### Work to be completed
Copy out exactly the stretch of the listing below that begins at the line containing "Valentines Gift Ideas For Women" and ends at the line containing "Valentine Gifts for", and copy nothing outside it.

### Records provided
- - -
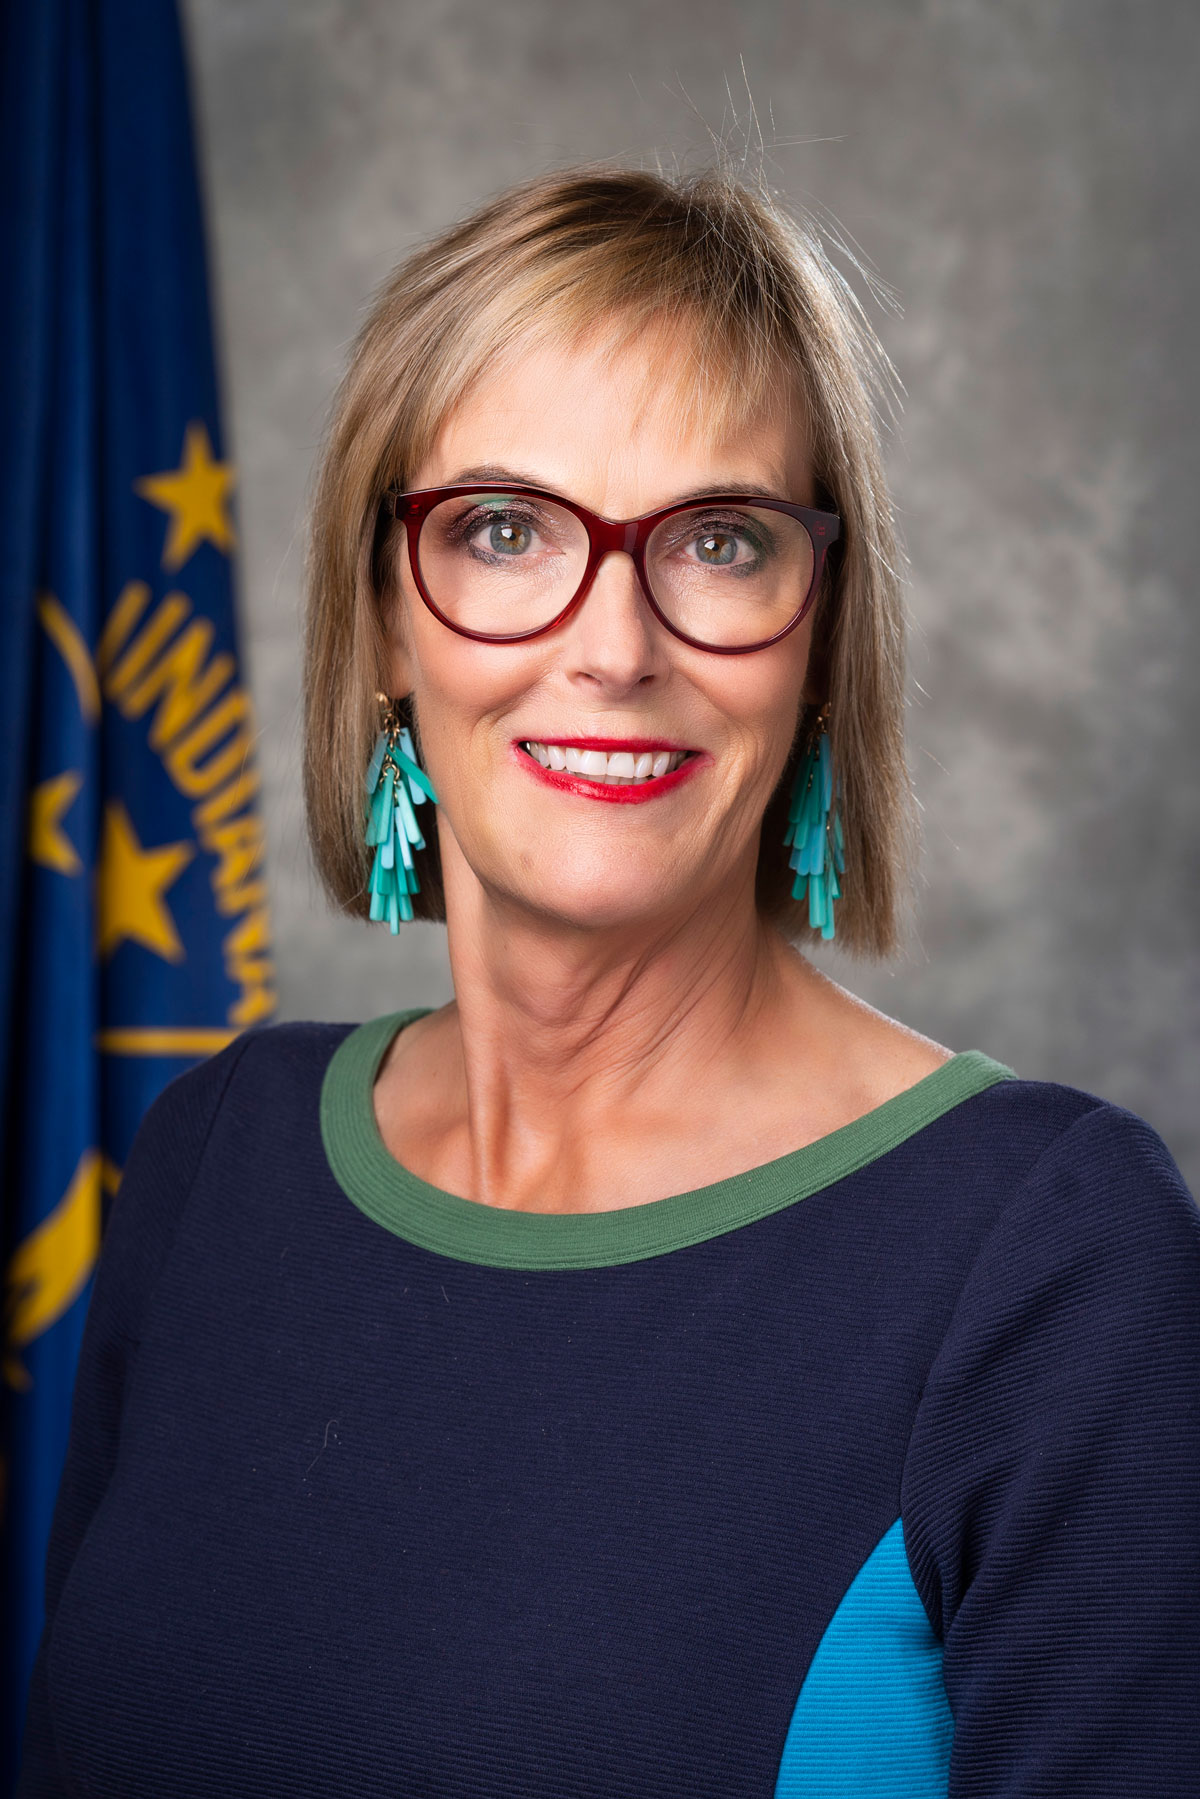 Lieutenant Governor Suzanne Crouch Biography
- - -
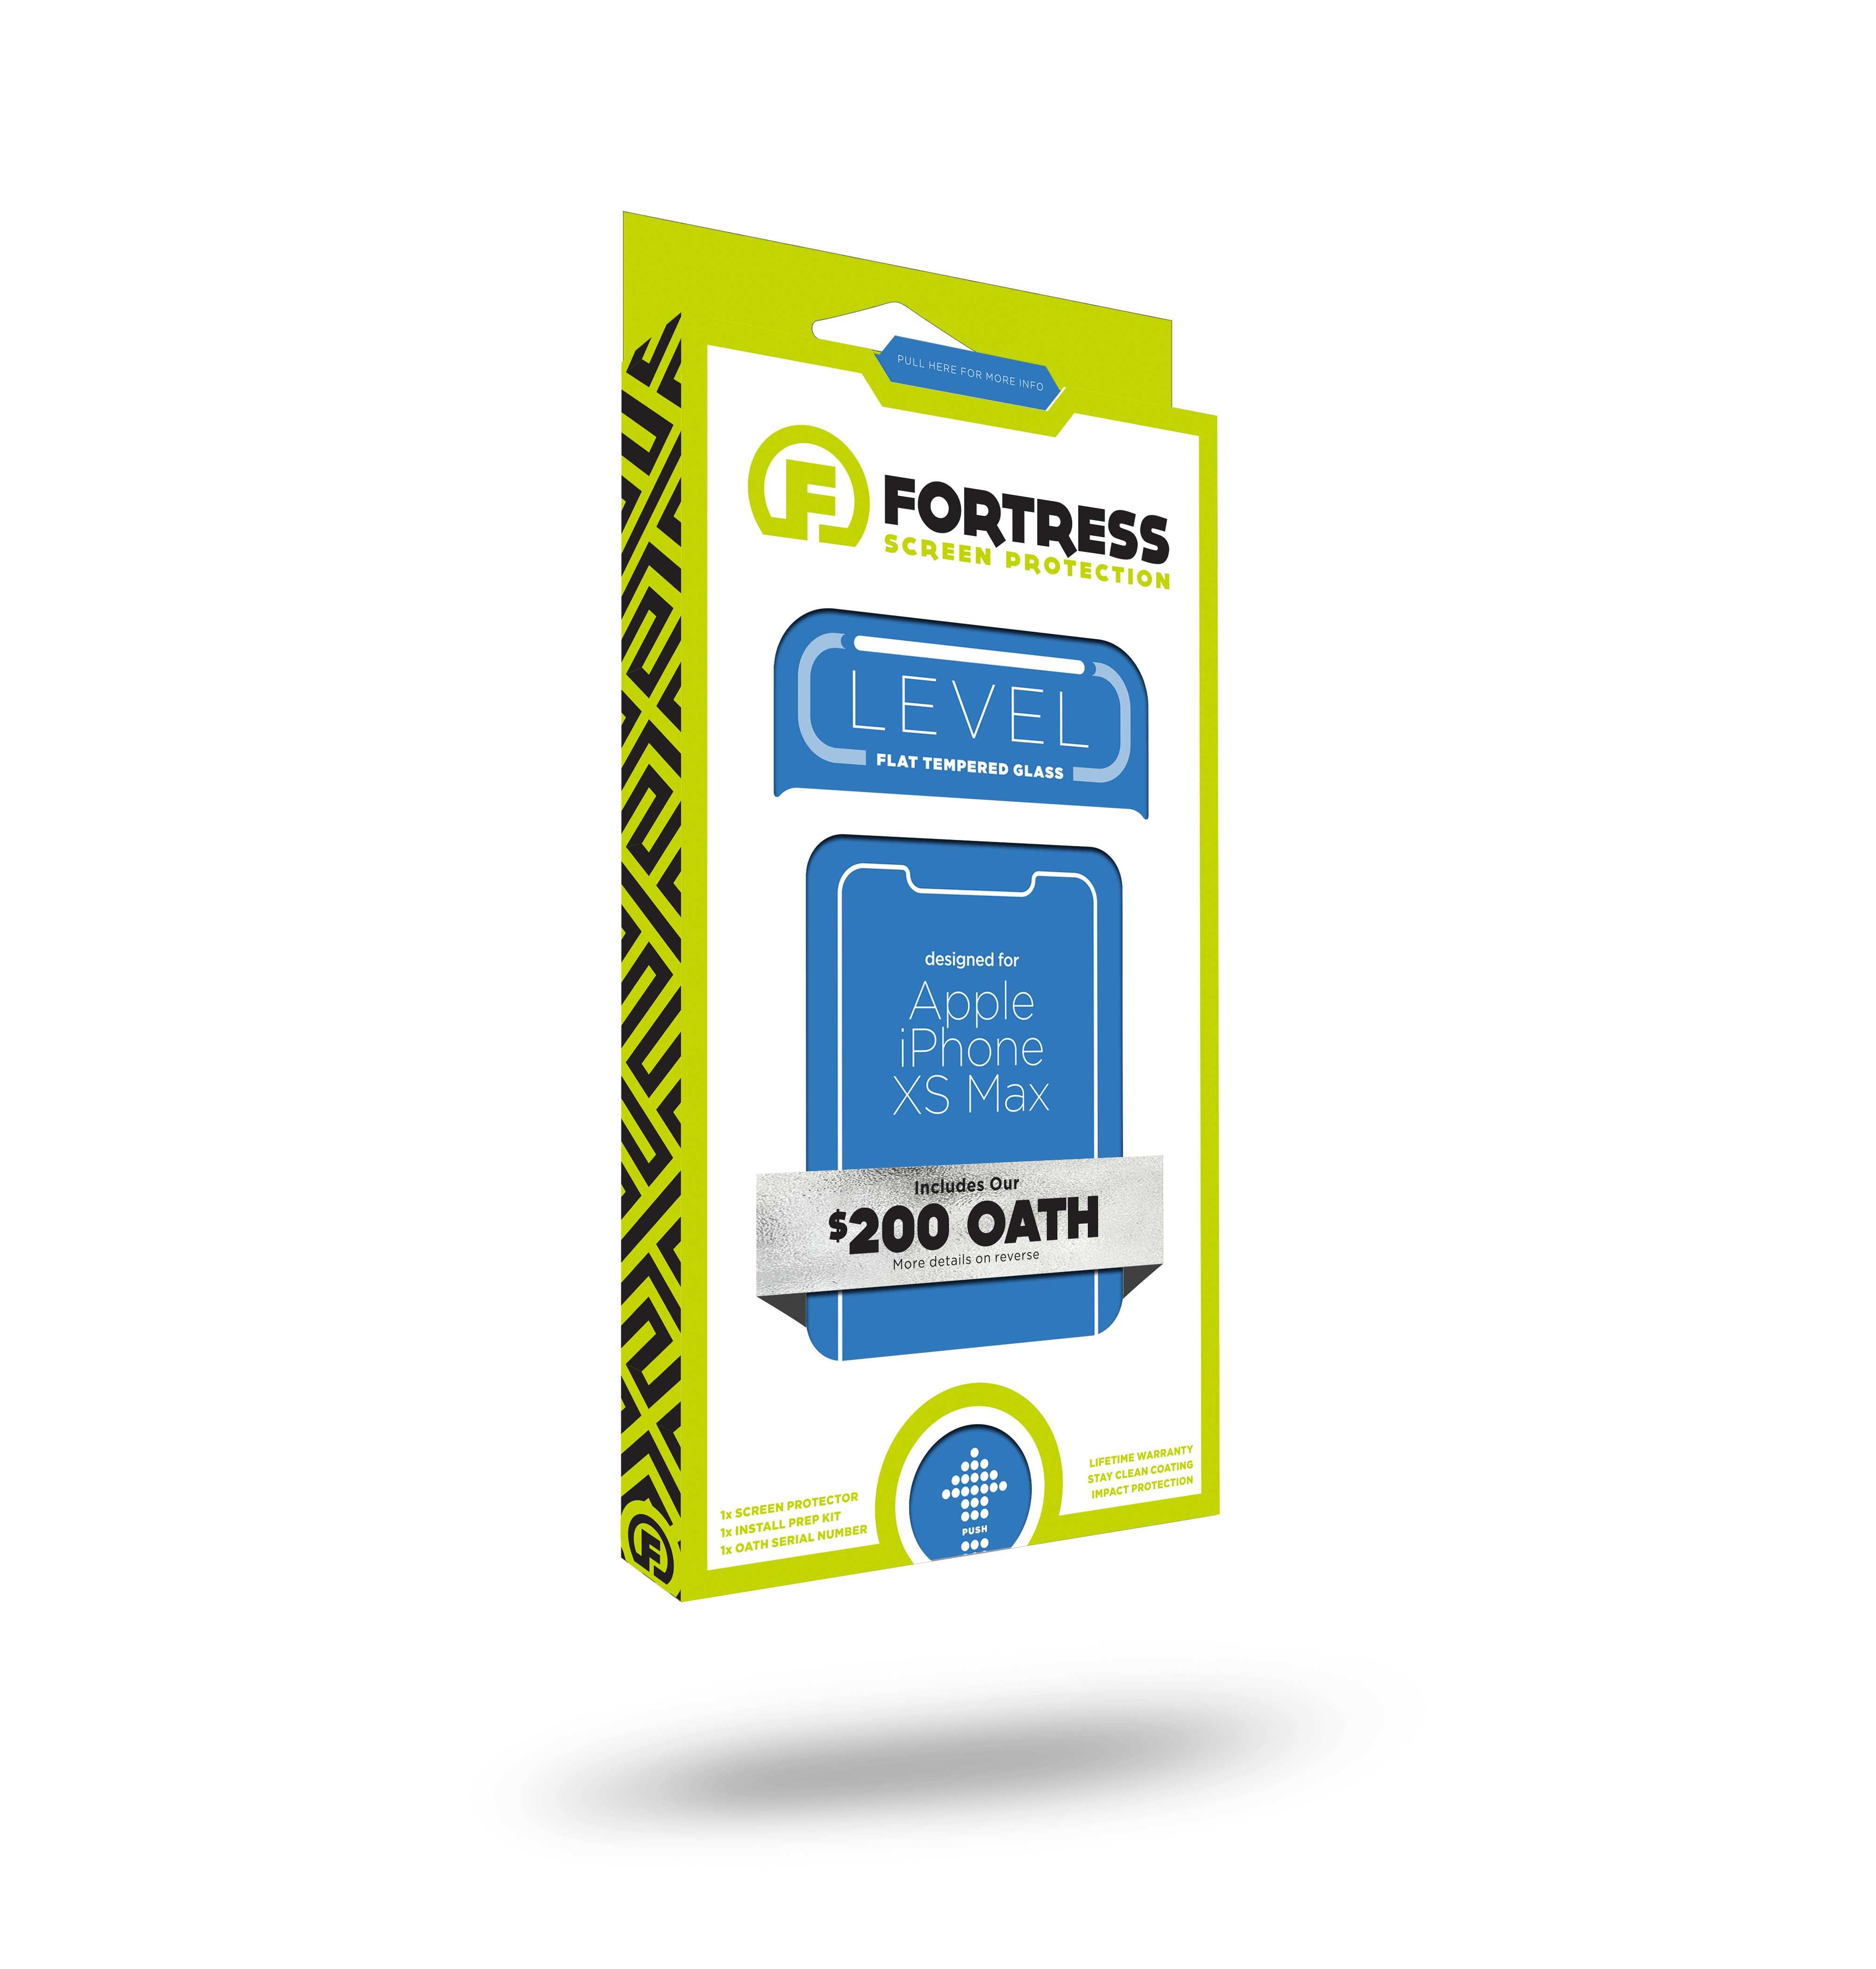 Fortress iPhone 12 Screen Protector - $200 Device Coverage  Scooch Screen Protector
- - -
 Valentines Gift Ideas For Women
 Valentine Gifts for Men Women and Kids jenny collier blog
- - -
### Solved problem
 Valentines Gift Ideas For Women
 Valentine Gifts for Men Women and Kids jenny collier blog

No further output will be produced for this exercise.